Data shown =>
:::::
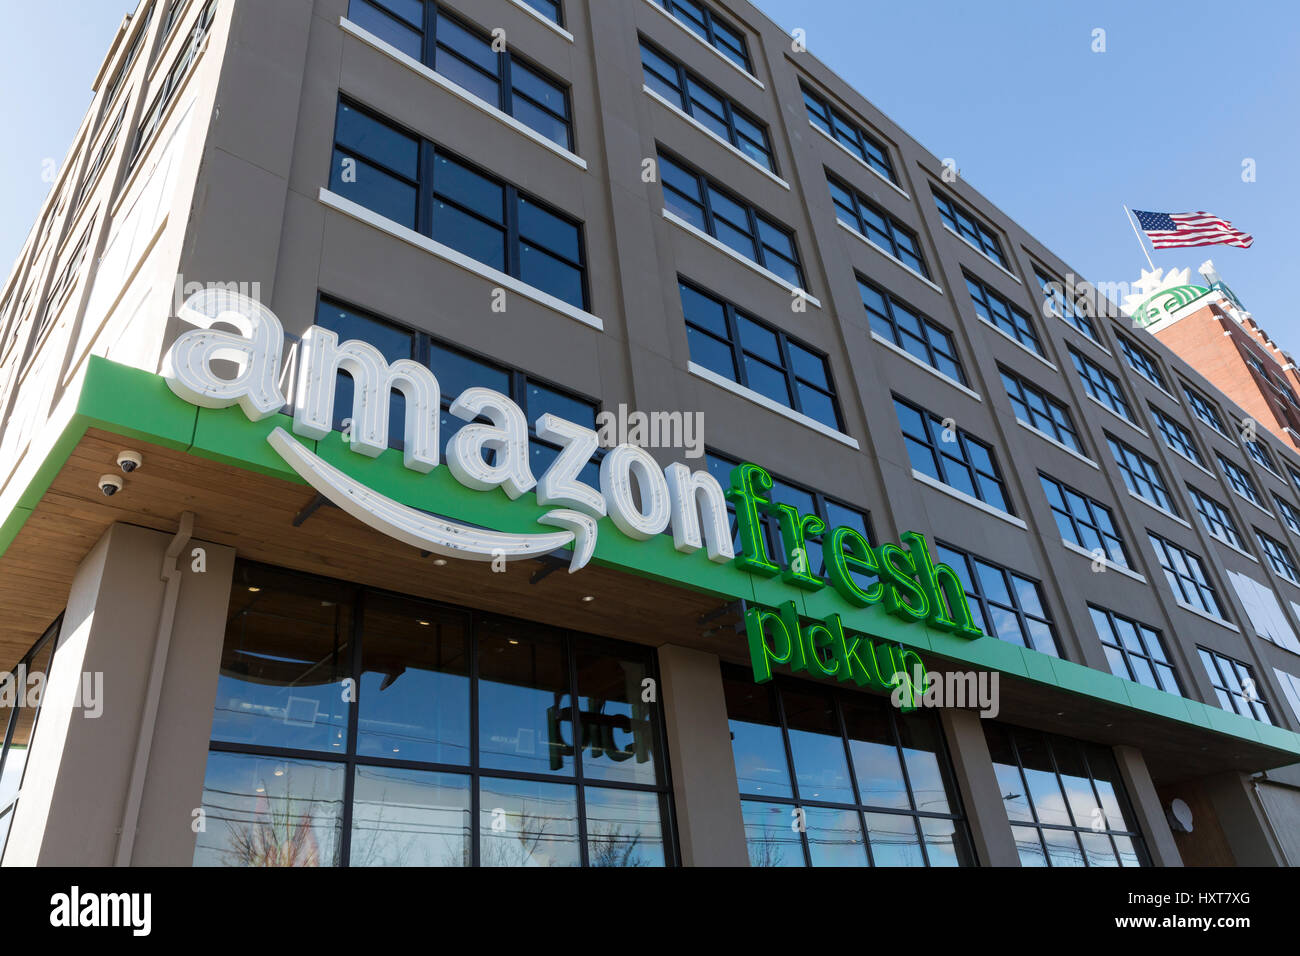 Seattle, Washington: recogedor AmazonFresh SoDo. Amazon.com reveló dos  ubicaciones de recogida de comestibles en Seattle SoDo y Ballard barrios  donde los compradores pueden recibir sus compras online en tan sólo quince  minutos
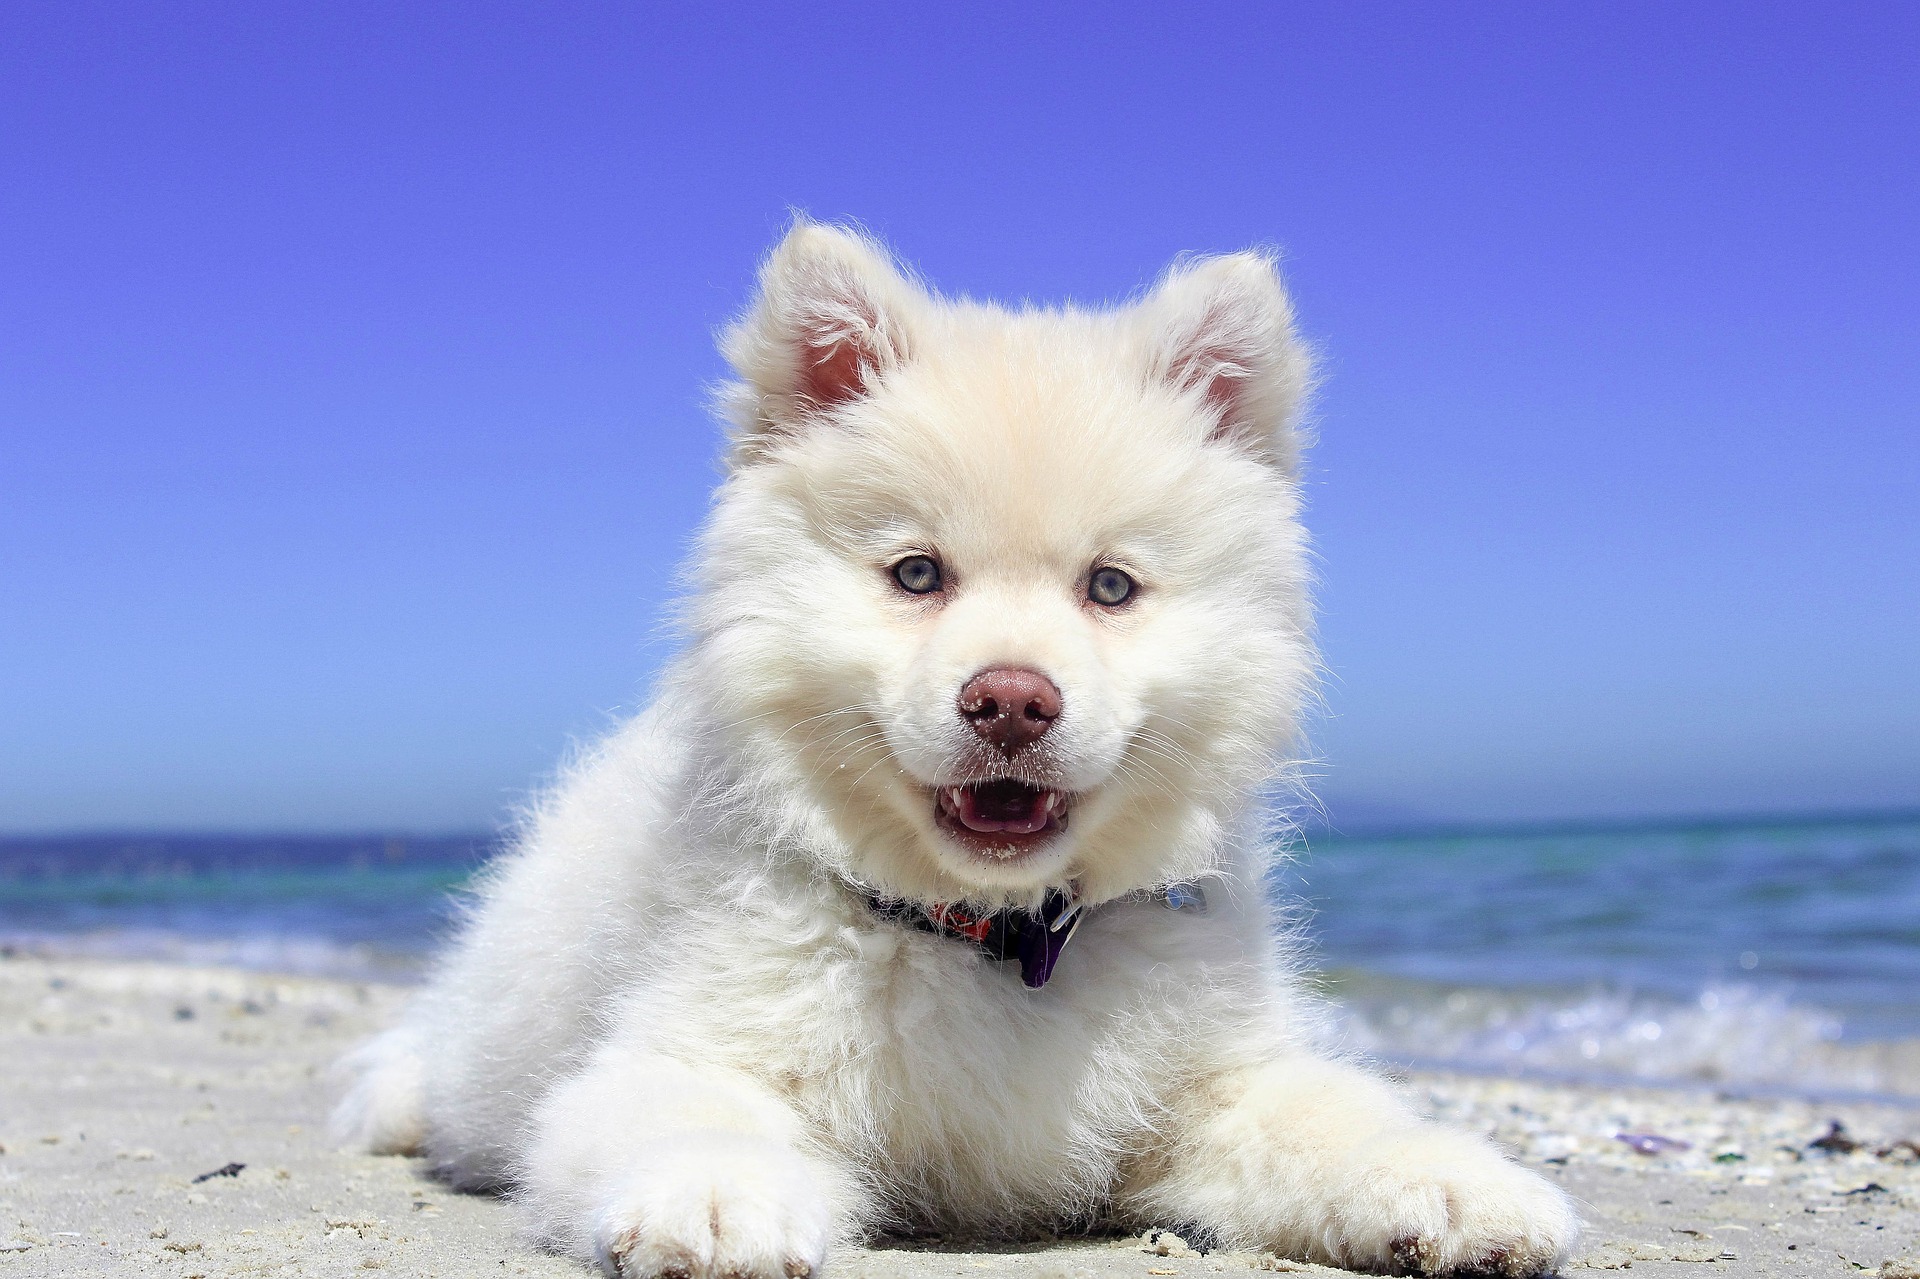 Když se chystáte na dovolenou se psem, měli byste mu připravit přepravní box, očkovat ho a zajistit jeho bezpečnou cestu.
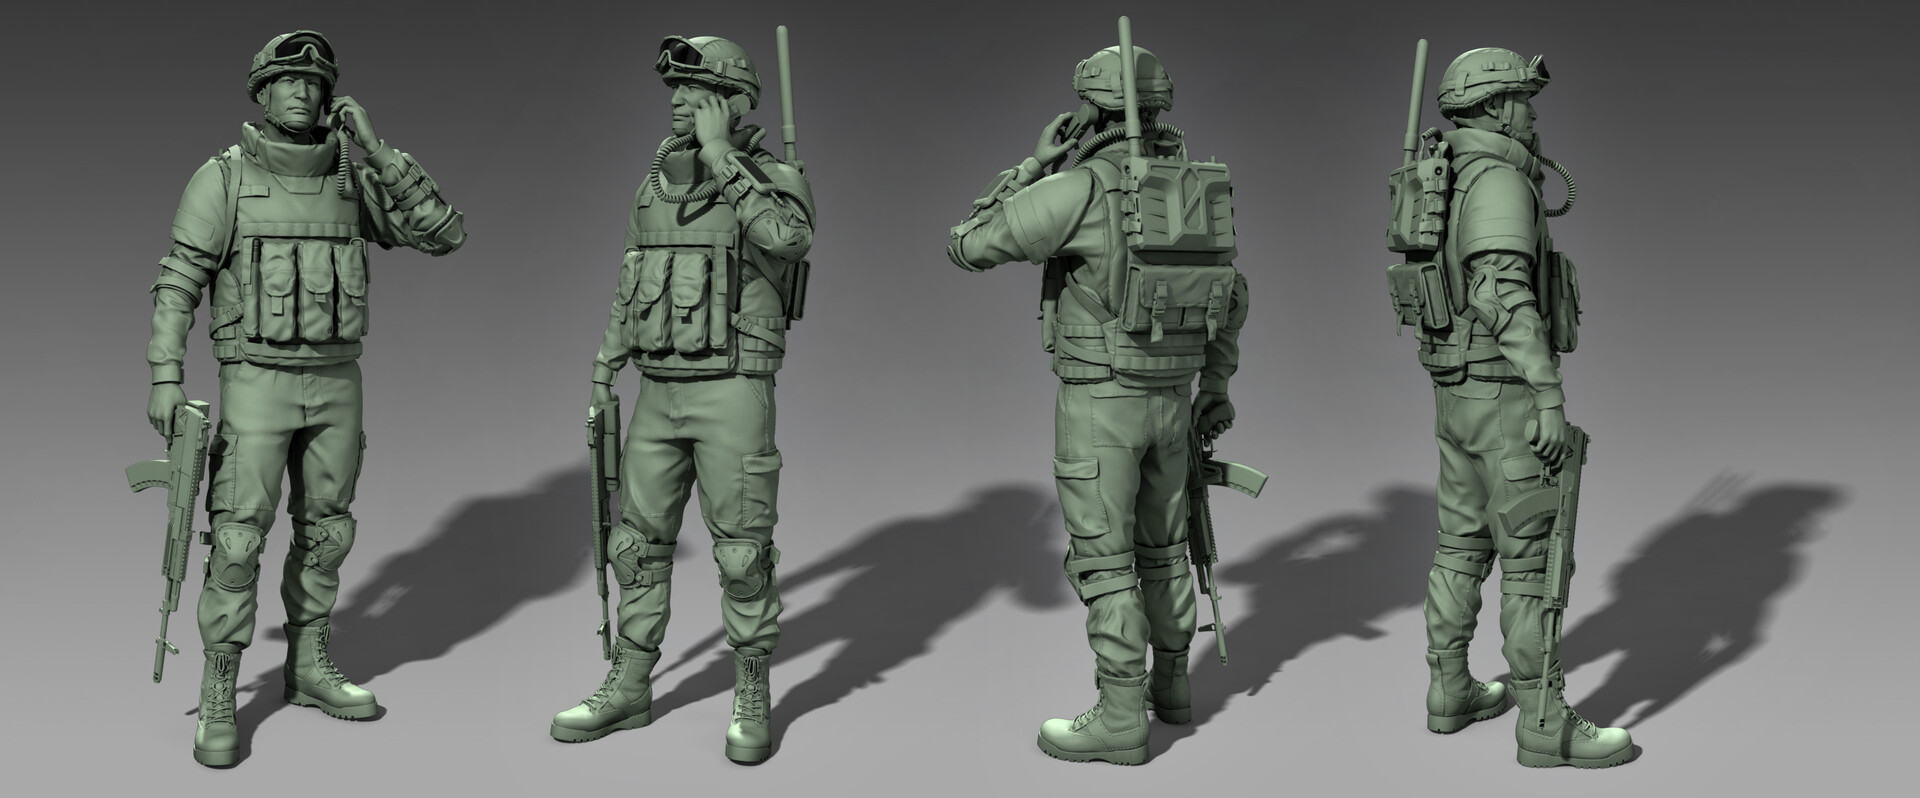 Модель русски 3. Модель солдата. 3д модель российского солдата. Солдатики 3d. Фигурки для моделирования.
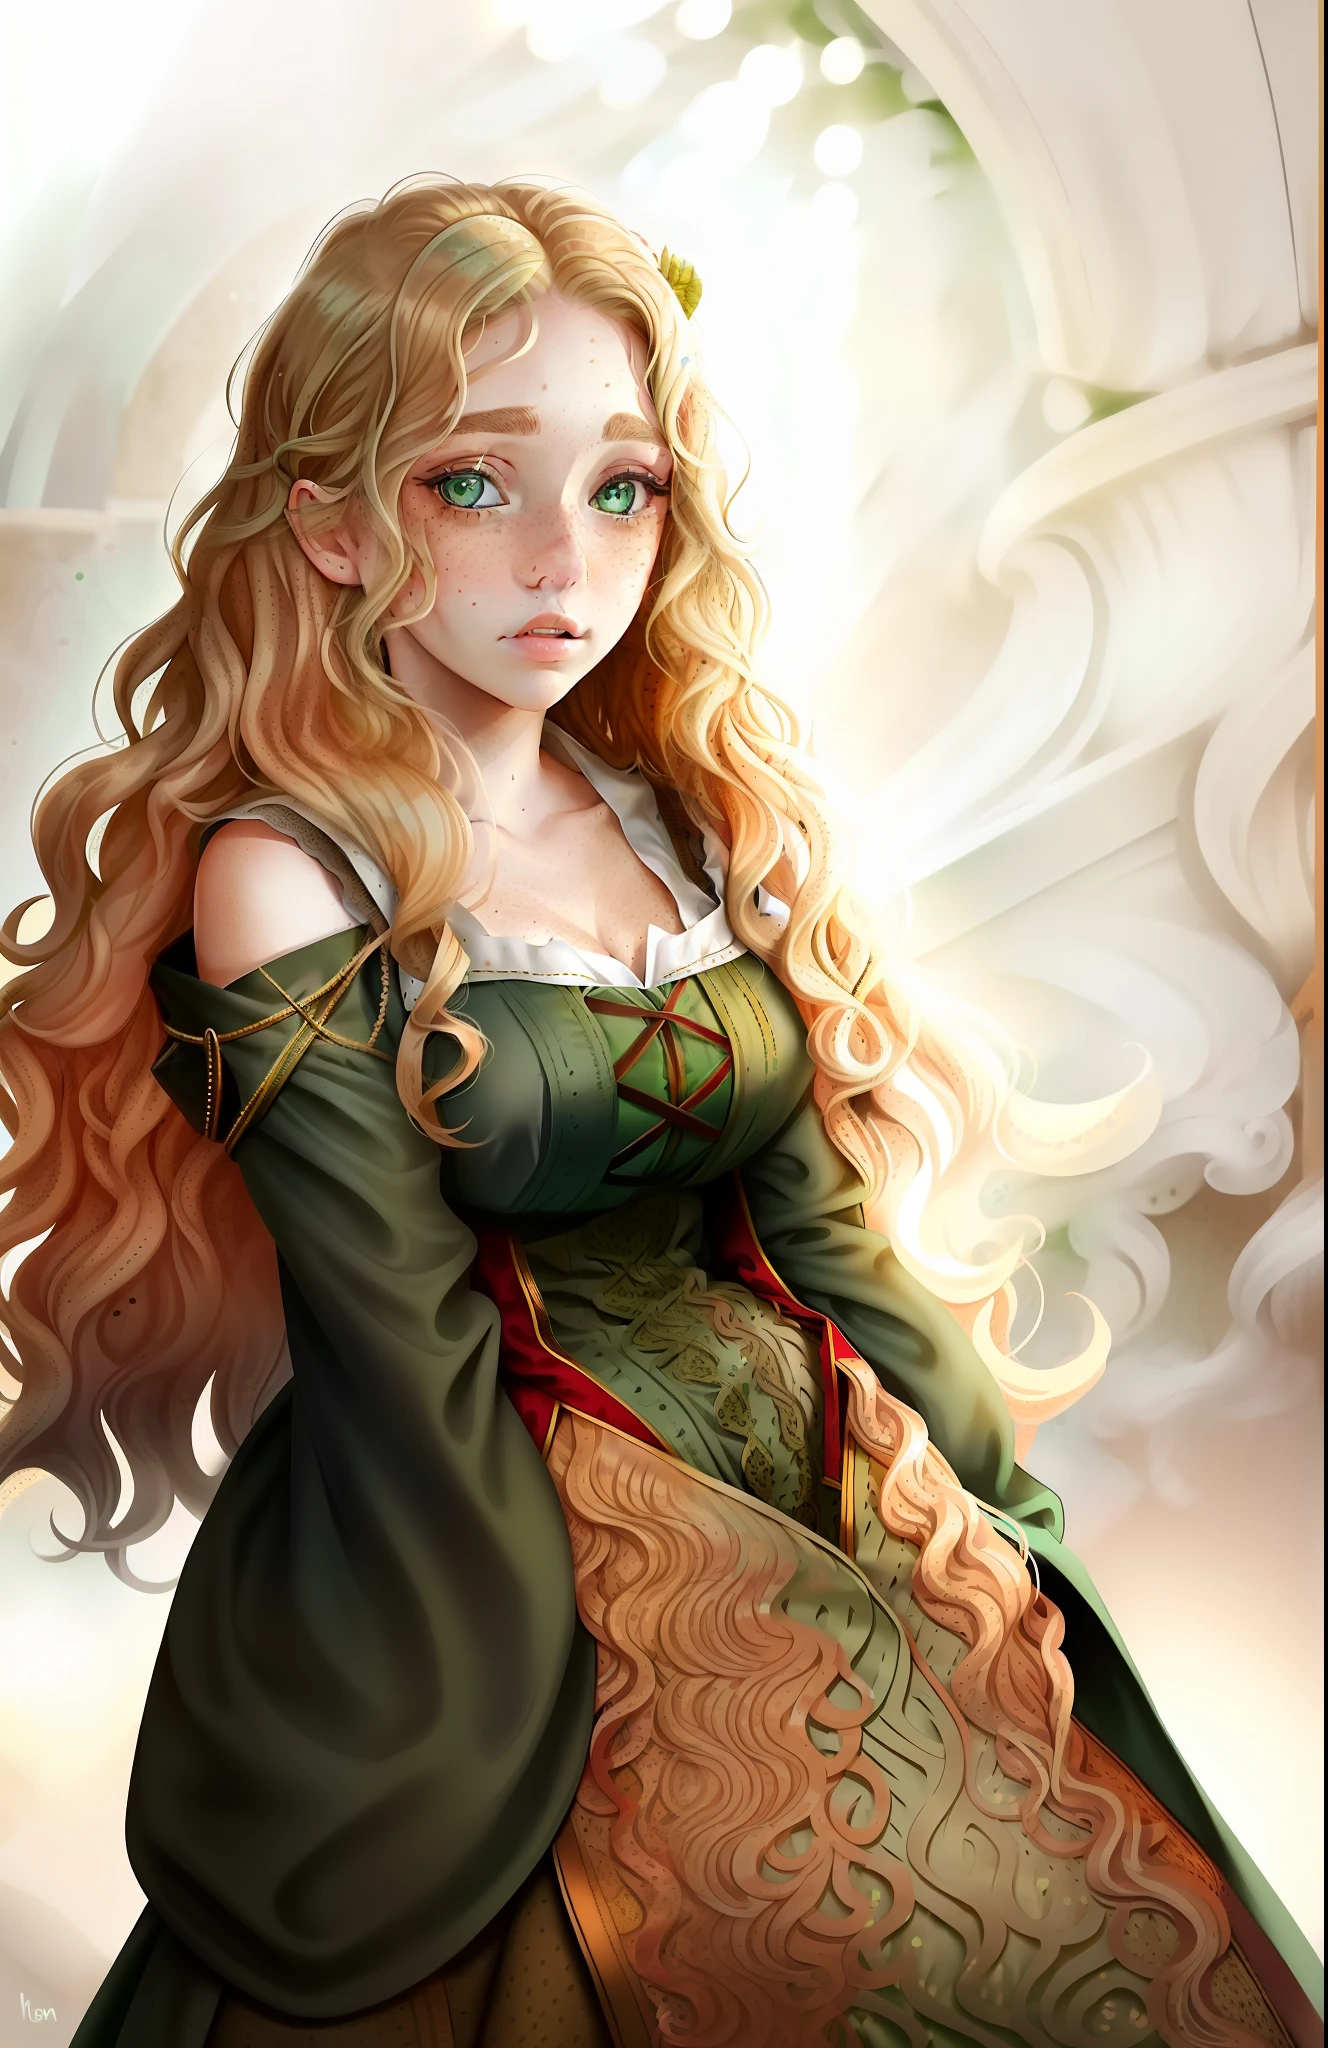 ((женщина)), ((волнистые светлые волосы)), ((средневековое платье)), (((зеленые глаза)), ((веснушки на лице))
:::::
Problem =>
Your copy should hold exactly the lines from the one that contains "Модель русски 3." through the final line of the data, both ends included, and no pictures.

Answer =>
 Модель русски 3. Модель солдата. 3д модель российского солдата. Солдатики 3d. Фигурки для моделирования.
 ((женщина)), ((волнистые светлые волосы)), ((средневековое платье)), (((зеленые глаза)), ((веснушки на лице))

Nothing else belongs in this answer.